First of all there was more than a ten percent chance that the rejects would disappear entirely from science. Yet most surprisingly, the data also indicated that the near-miss individuals who kept working as scientist systematically outperformed the near-winners in the long run. Failing early, hence, seems to be an indicator of high impact in the long run.

The status of a certain paper—and by extension of its author/s—is deemed by three factors: how soon it starts getting attention from the rest of the community; how long it remains relevant/cited, and its relative fitness, as measured in total number of citations.

The first two of those factors fade away when we’re looking to measure the “ultimate impact” of a paper, meaning how important it’s going to be to science over its entire lifetime. And not only that; when zooming out like this it also becomes apparent that it doesn’t matter whether the paper was published in a high status journal or not.

Just as we shouldn’t judge a book by its cover, we also shouldn’t judge a paper by its journal.

There’s a whole field within the field which explores alternative ways of measuring scientific impact. The blanket term is “alt-metric”.
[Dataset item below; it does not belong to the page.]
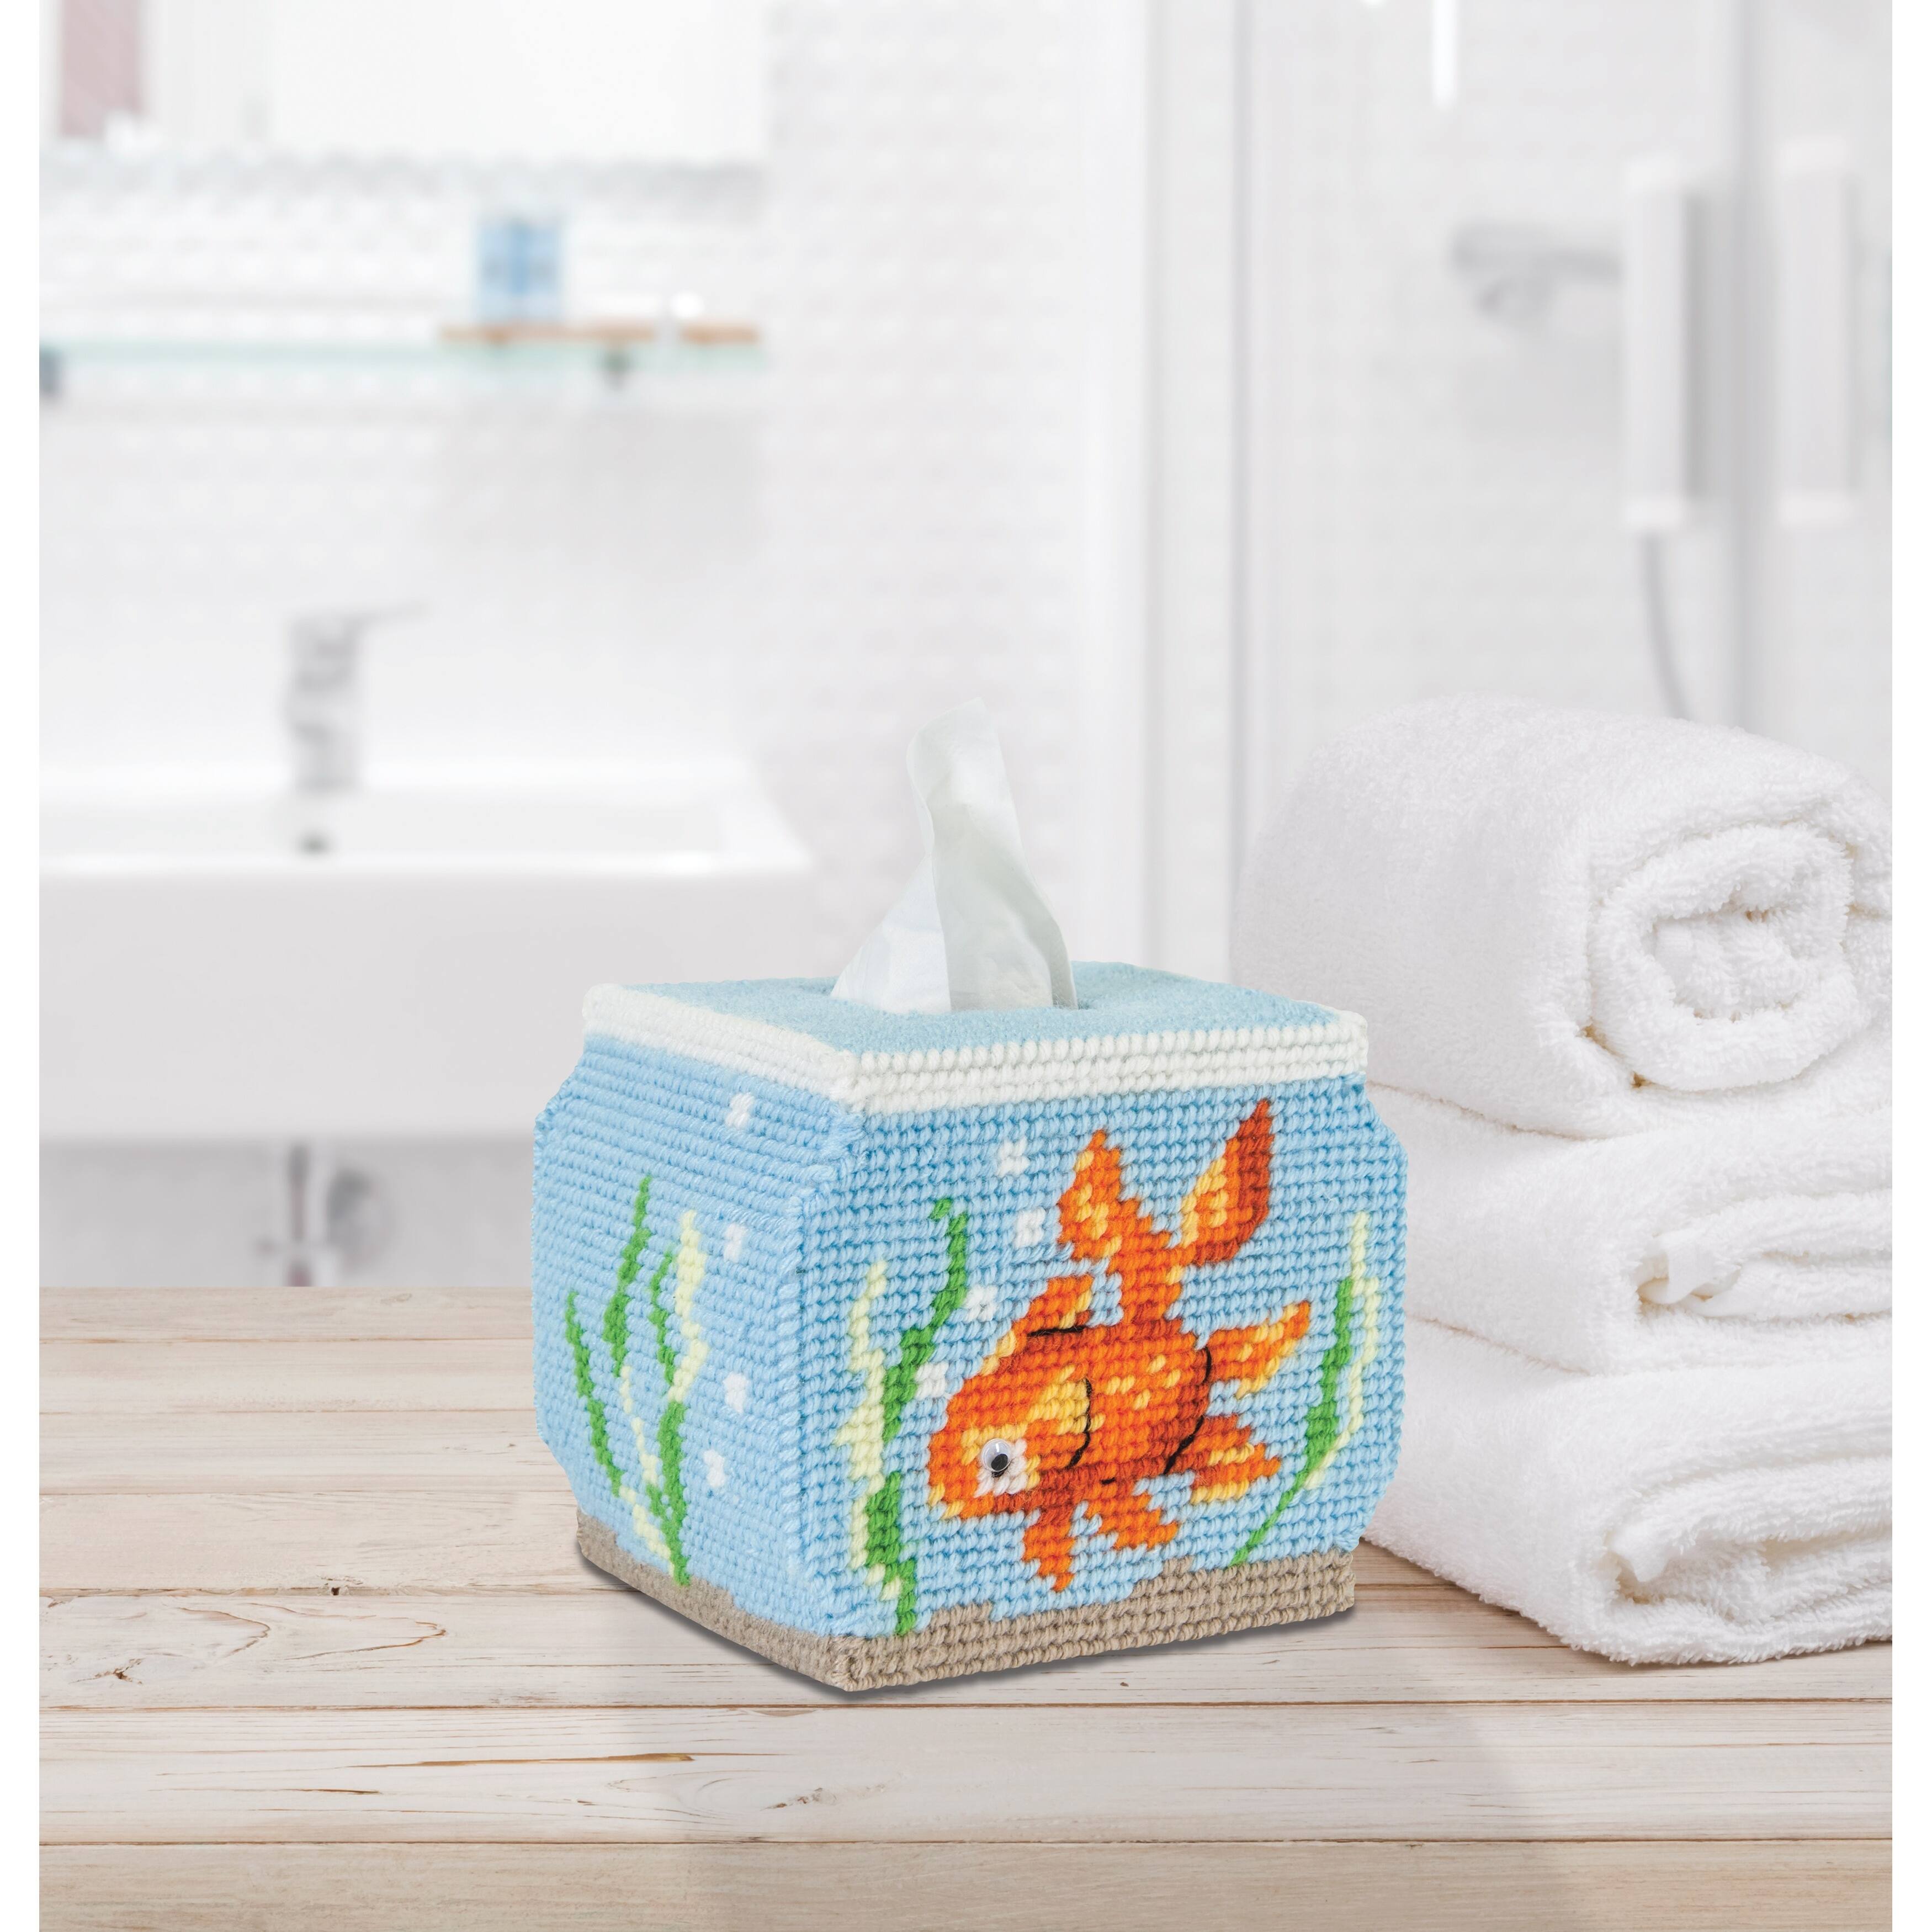 Mary Maxim 5&#x27;&#x27; Fish Bowl Plastic Canvas Tissue Box Kit, 7ct.
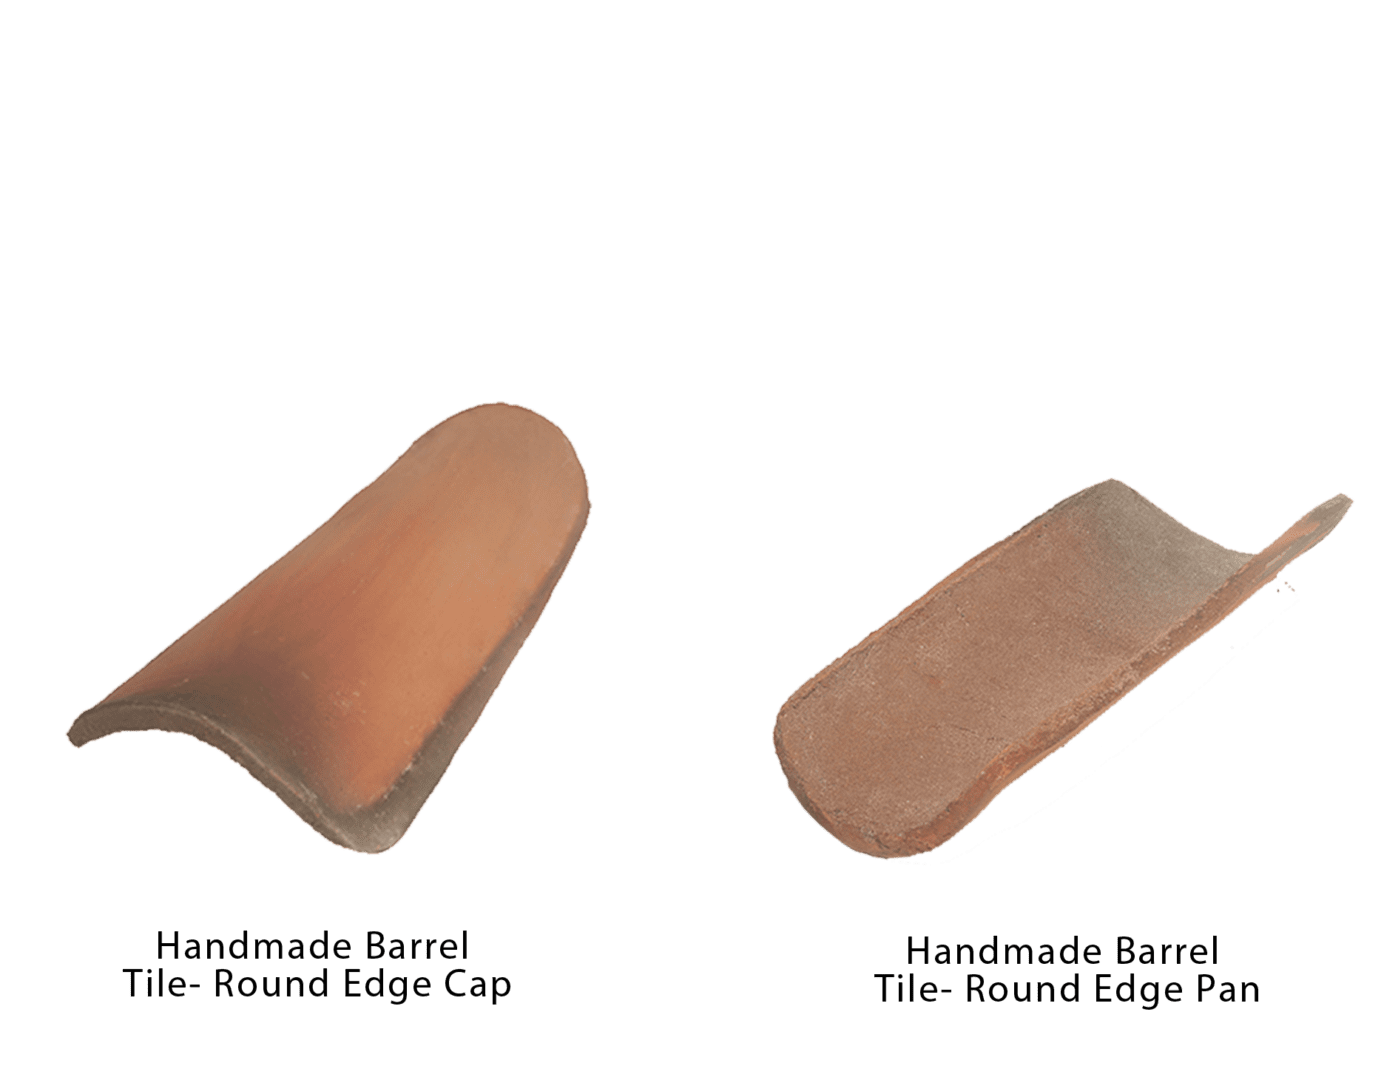 Handmade barrel tile – round edge pan

Alt-metric ranges from counting page views and shares on social media (which turns out to have a very weak correlation with scientific impact), to looking at patents in relation to scientific breakthroughs, which carries some interesting information. A patent with 14 citations is likely to be one hundred times more valuable than a patent with eight citations.

Lastly a note on another one of science-of-science’s blind spots. The discipline relies heavily on methodologies that have been developed within micro-economics over the last three decades. These methods have led to what’s known in that discipline as the Credibility Revolution, and they essentially boil down to two things: formulating assumptions that can be verified in double blind studies, and working with so called “natural experiments”. (Anyone who’s read the classic Thinking Fast and Slow knows what we’re talking about.)

Greater certainty comes at a price however; answers whose causal relationship can be well identified tend to cover a narrower range of topics. Or otherwise put: there’s an inescapable tension between certainty and generalizability. This has led to a growing consensus within the field of economics that many of the big questions in society – like the impact of global warming – cannot be answered by super-reliable techniques.

What that means for the science of science, moving forward, is that we’ll need to embrace methodological pluralism.